Mohammed Ali ben Said a écrit l’histoire de sa vie. Dans ses propres mots

Son autobiographie de 224 pages publiées en 1873 est le plus long récit d’un esclavagé existant par un musulman africain. C’est aussi le seul récit d’esclavagé nord-américain à décrire des voyages sur cinq continents. Ces textes reflètent clairement un intellect vorace, une passion pour les voyages et les échanges culturels, et un dévouement, comme Said conclut son dernier chapitre, à « faire autant de bien que possible à [son] semblable dans ce monde » (p. 213 ).

Se basant sur son récit, il est évident que Saïd est resté un musulman pratiquant pendant la majeure partie de sa vie.

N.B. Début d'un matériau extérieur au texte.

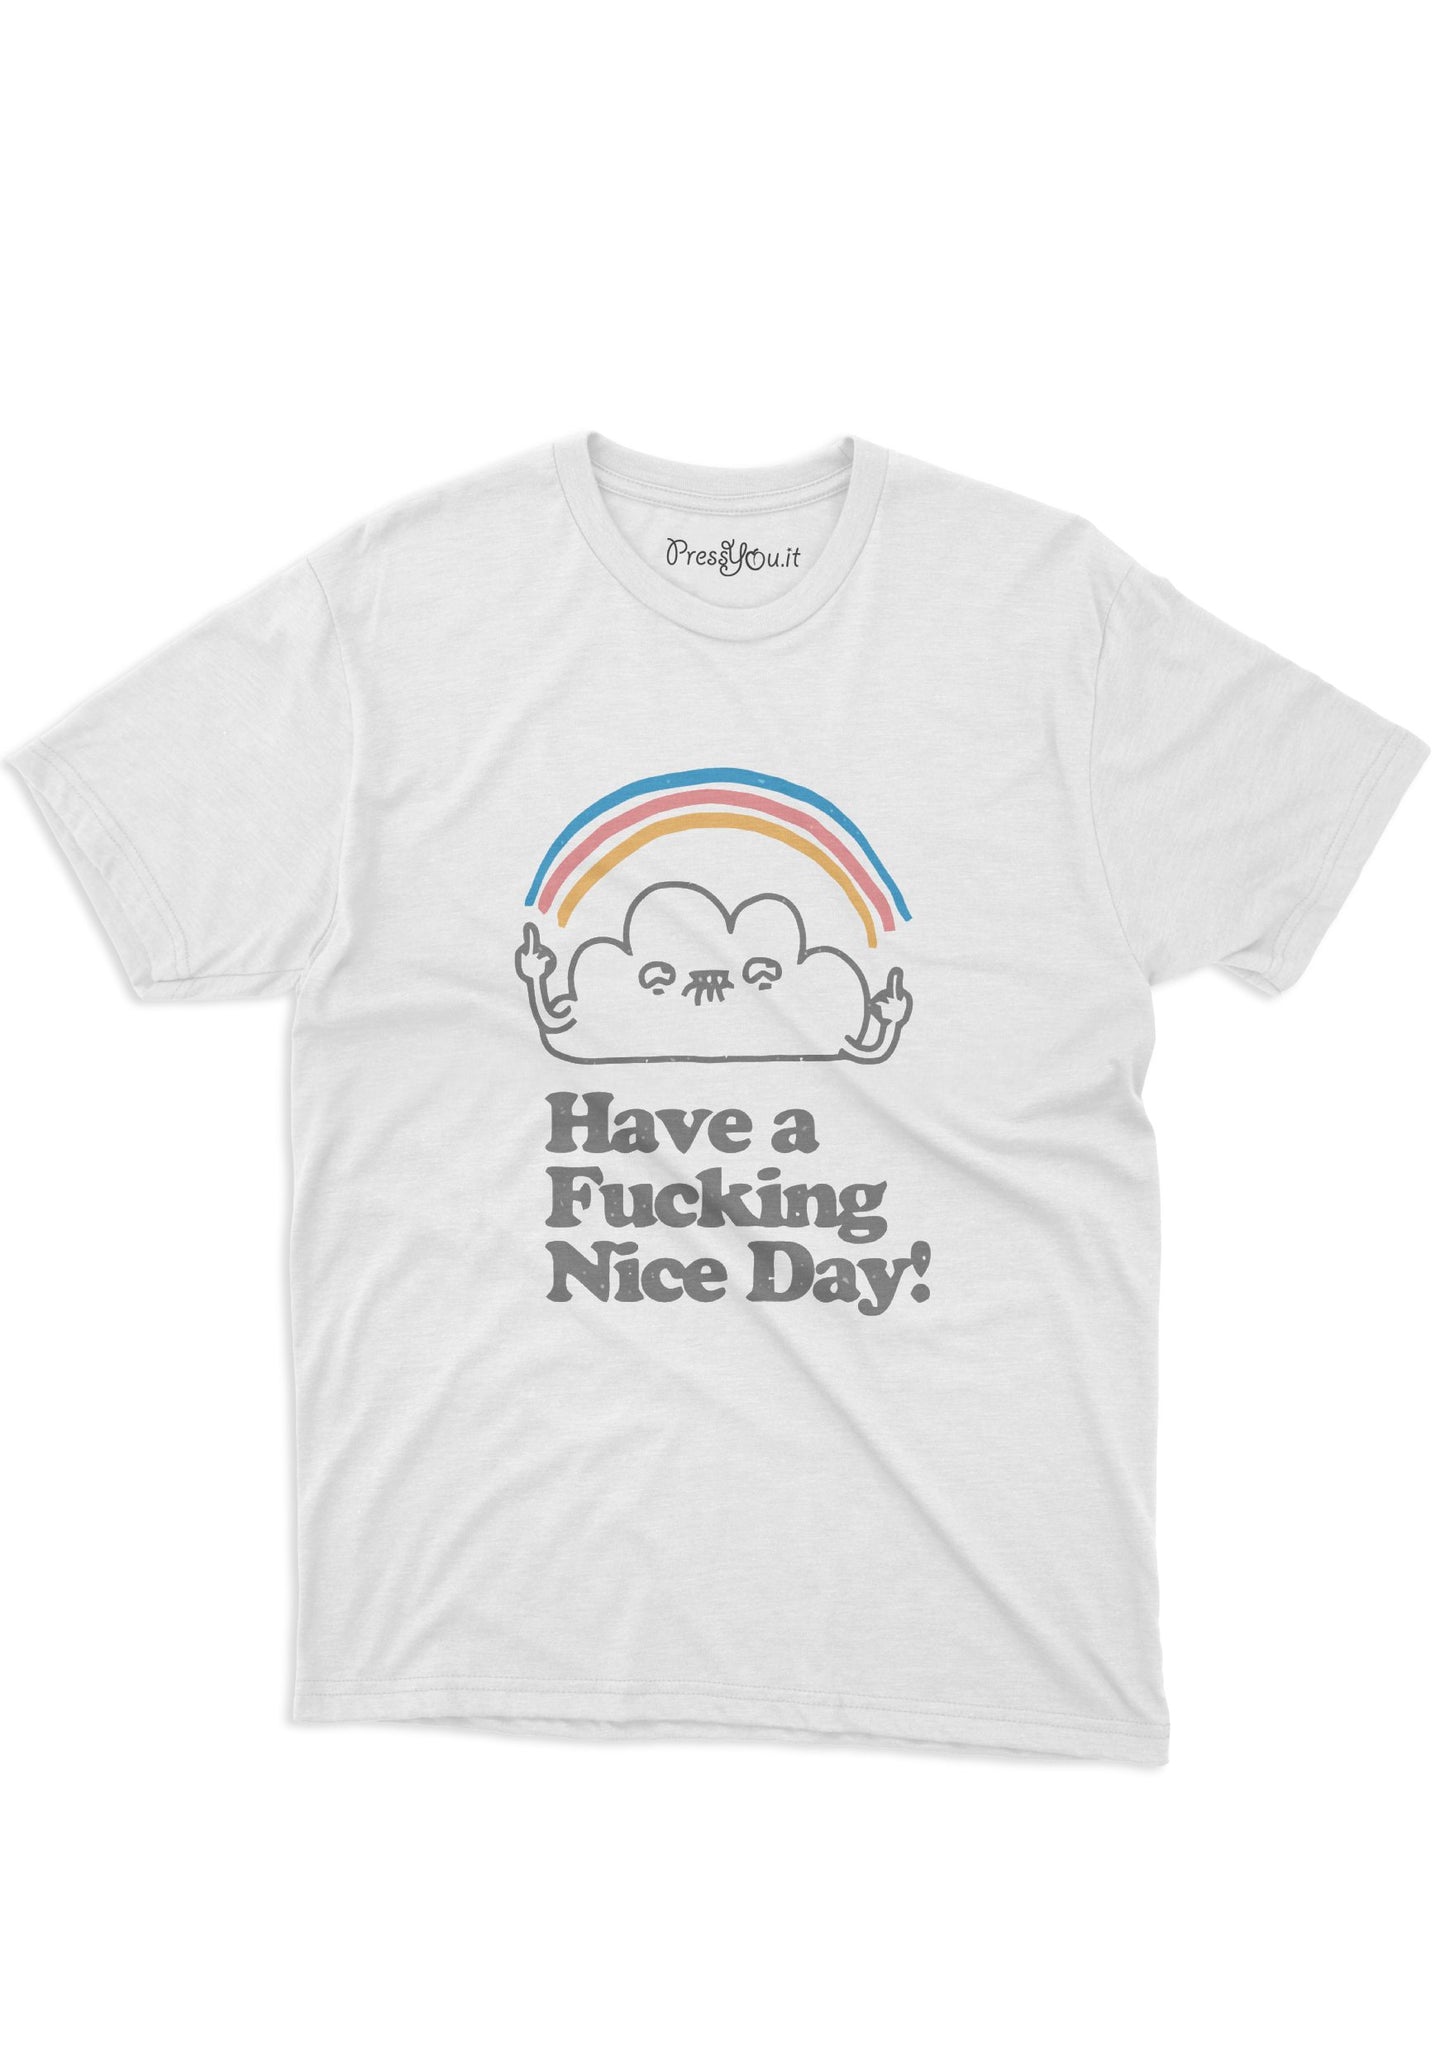 t-shirt-have a fucking nice day

Il commence son récit en déplorant l’influence du « mahométisme », ainsi que la « désolation et la ruine » qu’il dit avoir amenée en Afrique (p. 15 ). Said décrit son enfance comme étant influencée négativement par un certain nombre d’invasions et d’intrigues politiques dirigées par les musulmans. Après la mort de son père et de ses frères, Said est capturé par un groupe de Kindills (également connu sous le nom de Touaregs), qui le vendent à un Arabe africain nommé Abd-El-Kader. Il décrit le voyage tortueux à travers le Sahara, au cours duquel il « a beaucoup souffert de la chaleur et de la soif » (p. 46 ). « Le Sahara doit être vu et ressenti pour se réaliser », écrit-il à la page 52 .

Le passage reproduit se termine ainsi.